Ms Hutchinson testified that Mr Trump’s was notified of the weapons in the crowd. A resposta dele? Calling on Secret Service to remove metal detectors from the area around his rally, ela disse.

I don’t f***ing care that they have weapons. They’re not here to hurt me. Take the f***ing [metal detectors] longe. Let my people in. They can march to the Capitol from here. Let the people in.
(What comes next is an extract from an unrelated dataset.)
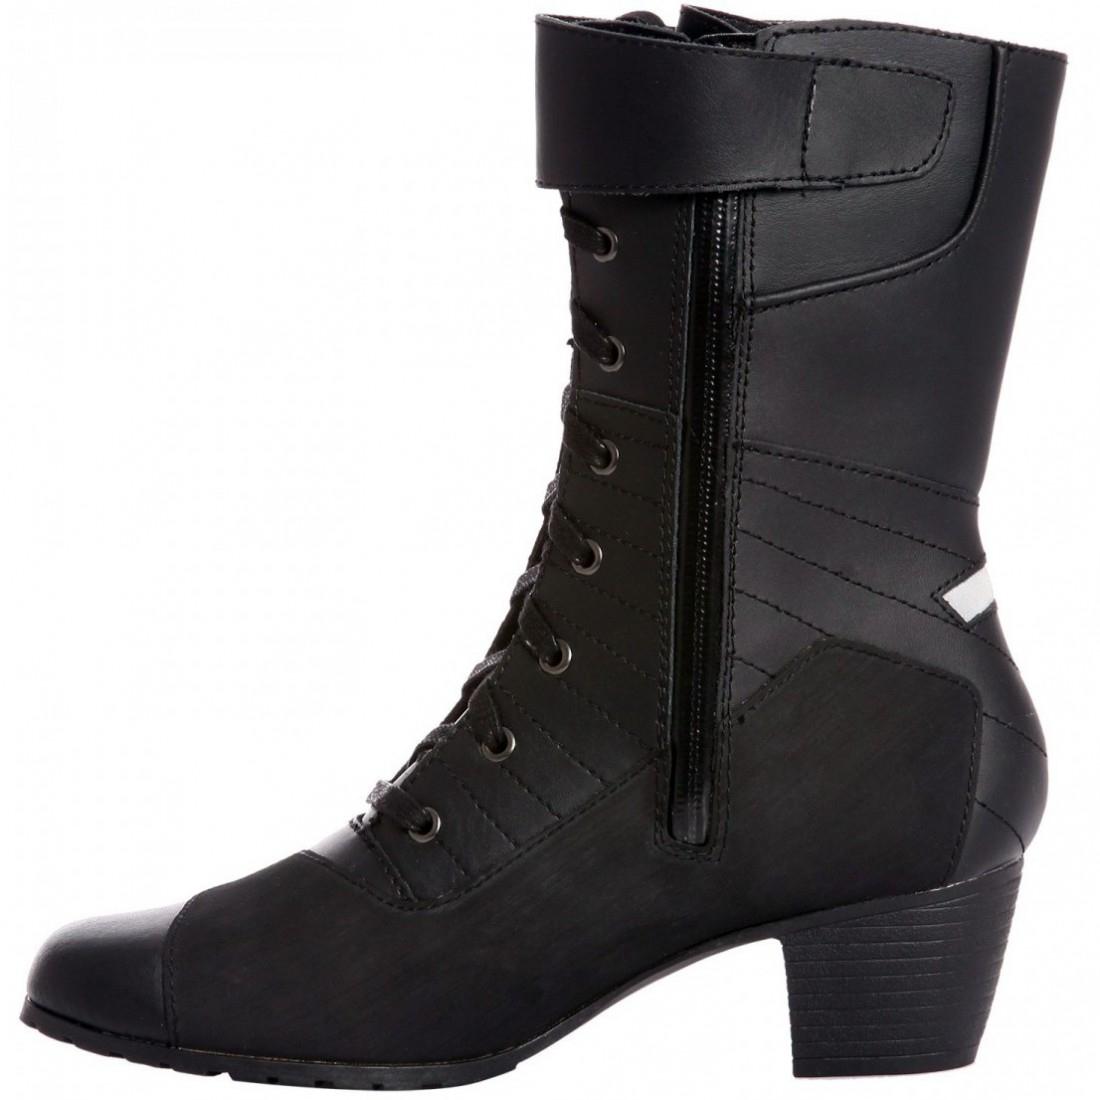 BERING Tera Lady Black Boots · Motocard

Take the f***ing [metal detectors] longe,” the aide said she heard the president demanding of his staff and Secret Service.

‘We’re going to be charged with every crime imaginable’

White House counsel Pat Cipollone was very blunt when he told Mark Meadows his opinion of the president’s legal chances should he go forward with plans to join his supporters in the Capitol, Cassidy Hutchinson testified.

People are going to die and the blood is going to be on your f***ing hands,” the White House’s top attorney explained to the chief of staff. “We’re going to get charged with every crime imaginable if we make that movement happen.”

Trump tried to take the wheel

One of Ms Hutchinson’s last revelations before the committee recessed for a short break, was the startling claim that Donald Trump assaulted a Secret Service agent, including grabbing at his neck, before attempting to grab the steering wheel of the presidential limo and divert its direction toward the US Capitol.

A president physically attacking a Secret Service agent (which Mr Trump has already denied on his Truth Social platform) is unheard of in the history of the United States and if true is an incredible window into the president’s mental state amid the attack on Congress. The incident supposedly occurred just as Mr Trump was leaving his rally at the Ellipse on January 6, where he told his followers that they should march on the Capitol and “fight” for the election to be overturned. He also said that he would join them.

“Tony proceeded to tell me that when the president got in the ‘Beast’ he was under the impression from Mr Meadows that the off-the-record movement to the Capitol was still possible and likely to happen, but that Bobby had more information," ela disse.

“So as the President had gotten into the vehicle with Bobby, he thought they were going up to the Capitol and when Bobby relayed to him we’re not, we don’t have the assets to do it, it’s not secure, we’re going back to the West Wing, the President had a very strong, very angry response to that,” Ms Hutchinson continued.

According to Ms Hutchinson the president’s deputy chief of staff Tony Ornato told her that he raged in the passenger seat of his armoured vehicle, “I’m the f***ing president. Take me up to the Capitol now.”

“Mr Trump then used his free hand to lunge toward Bobby Engel,” she testified that he recounted to her; Mr Engel was Mr Trump’s Secret Service agent in charge of security that day.

The ex-president has denied this episode took place, and launched into a wave of criticism targeting Ms Hutchinson as her testimony concluded on Tuesday.

“Her Fake story that I tried to grab the steering wheel of the White House Limousine is ‘sick’ and fraudulentvery much like the Unselect Committee itself,” Mr Trump raged online.